At the beginning of the 2019 Legislature, there seemed to be wide support for providing the Office of Hawaiian Affairs more money — as much as $20 million more — from the former crown lands.
But with just weeks left in the session, the House and Senate disagree on how much more money OHA should get — if any.
House Bill 402 resurrects a longstanding debate over ceded lands, crown lands that the U.S. took after the overthrow of the Hawaiian Kingdom. The state now controls the land and uses the revenue to pay for hospitals, schools and environmental initiatives.
Hawaii amended its constitution in 1978 to establish OHA and direct that 20 percent of the ceded land revenues should go to the betterment of Native Hawaiians.

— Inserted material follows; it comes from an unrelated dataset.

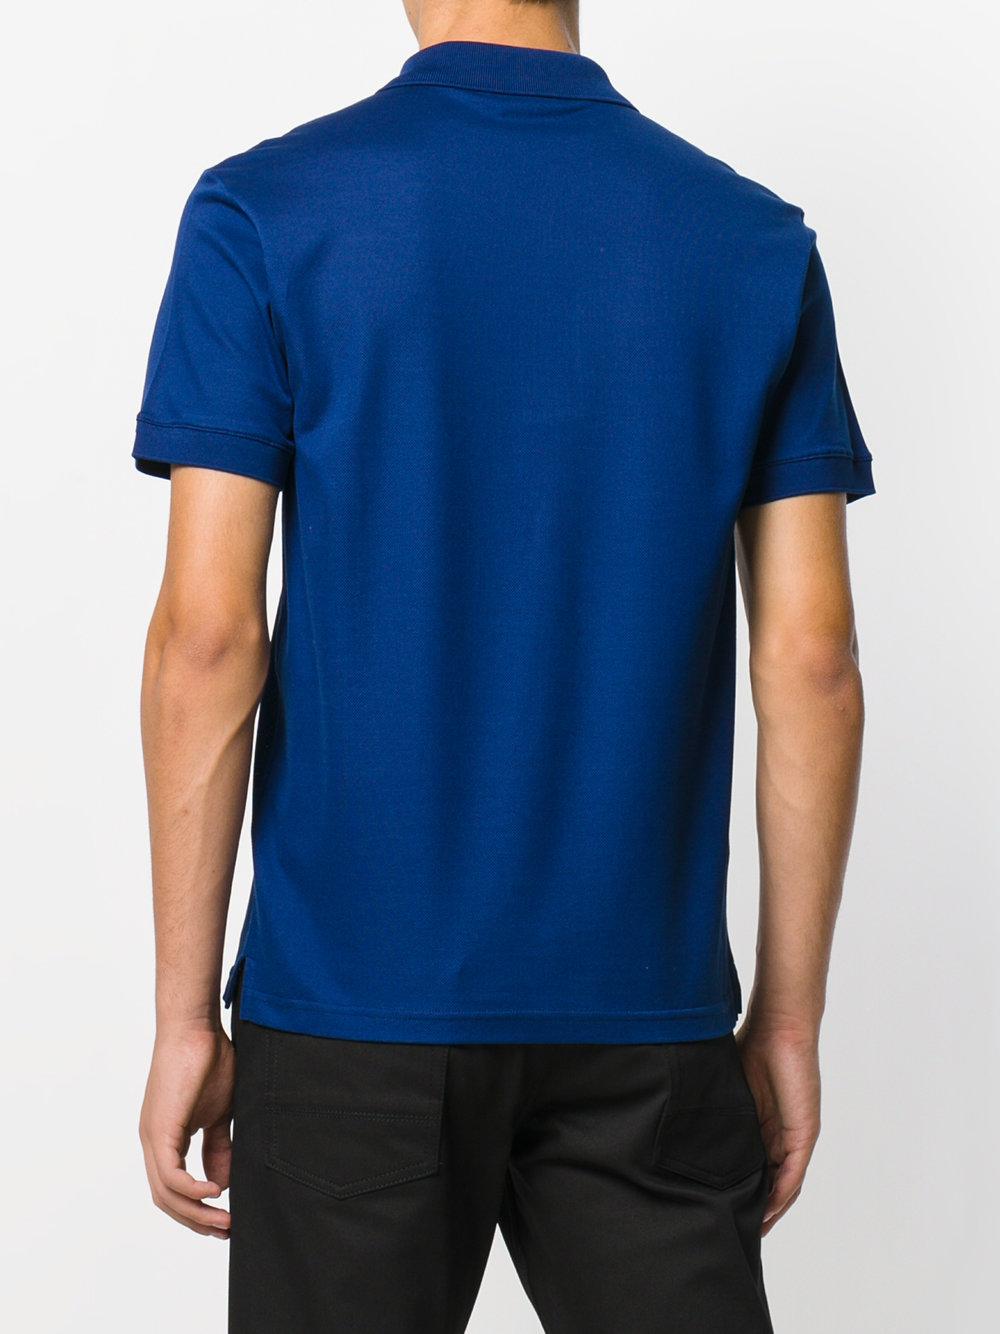 Alexander McQueen Cotton Peacock Feather Polo Shirt in Blue for Men - Lyst

But there’s disagreement over what constitutes 20% and right now, OHA’s annual revenue is capped at around $15 million.
Rep. Daniel Holt introduced HB 402 to raise OHA’s annual share of revenues to $35 million and give OHA about $140 million in back pay.
Rep. Daniel Holt, sponsor of the bill to lift the current cap on the amount of money OHA can draw from ceded land revenues, said, “I think we can all agree that $15 million is way too low.”
Nathan Eagle/Civil Beat
The House passed the proposal without any specific dollar amounts. Sen. Donovan Dela Cruz’s Ways and Means Committee amended the bill Friday to remove any appropriations and instead create a negotiating committee.
Holt says he’s hopeful lawmakers can come to an agreement in conference committee, the period of negotiations at the conclusion of each session.
“I think we can all agree that $15 million is way too low,” he said. “We spend this kind of money on a lot of other things that are not as important as taking care of the people of Hawaii.”
OHA has been trying for years to increase its share of public land trust revenue. The agency’s public policy manager, Jocelyn Doane, says the amount hasn’t been adjusted for more than a decade.
“These lands are the lands of our people that they continue to have claims to,” Doane says. “The state should follow up on its commitment both constitutionally and statutorily to Native Hawaiians by ensuring that they are getting a fair share of their revenue from these lands.”
State agencies transfer 20% of their revenue from ceded lands to OHA. But Doane says that the $15 million annual cap means there is $20 million sitting unused in a fund.
But more revenue for OHA may mean less revenue for state agencies. Hawaii’s state hospital system, the University of Hawaii and the Department of Land and Natural Resources all raised concerns about the proposal in public testimony.
Lawmakers are debating how much additional revenue the Office of Hawaiian Affairs should get from ceded land payments.
Cory Lum/Civil Beat
There’s also the question of how to calculate how much money OHA should get. Holt says there’s a debate over whether OHA should receive 20% of gross or net revenues. On the flip side, many Hawaiians don’t agree that 20% is enough.
“I’m not saying it’s going to be easy, but it can be done. That’s what we are here to do,” Holt says.
The latest version of the bill amended by Dela Cruz calls for the creation of a negotiating committee to determine how much more money OHA should receive. The Society for Professional Journalists raised concerns about whether the committee would be subject to the open government provisions of the Sunshine Law.
Dela Cruz’s draft also calls for an audit of all state programs that service Hawaiians.
Dela Cruz wasn’t available for comment but said before Friday’s hearing that he wanted a more consistent process for how state agencies inventory ceded land.
Another reason HB 402 isn’t sailing through the Legislature is a concern about how OHA spends its money.
Last year, a state audit criticized OHA’s spending, particularly decisions by OHA trustees and its CEO, Kamana’opono Crabbe. Two of the agency’s trustees were slapped with hefty ethics fines and the state attorney general and FBI both reportedly launched investigations.
Holt says he’s heard concerns about OHA’s spending from everybody, including his colleagues, but believes that’s a separate conversation from the state’s obligation to increase public trust land revenue.
“The reason why OHA was created was that the public thought Hawaiians can better decide for themselves how to spend their money and improve conditions for Native Hawaiians,” she said. “You could second-guess any policymakers’ decision on how to allocate resources to fix an issue.”
She said the funding cap limits what OHA can accomplish for the Hawaiian community. OHA funds a variety of programs ranging from fishpond restoration to Hawaiian immersion schools. The agency only gave out 10 grants in a recent funding cycle despite receiving more than 80 applications.
Lilikalā Kameʻeleihiwa, a professor at the University of Hawaii, says that OHA funding enabled the university to create a master’s program for Hawaiian Studies.
“OHA could do very great things if they had more money,” she said.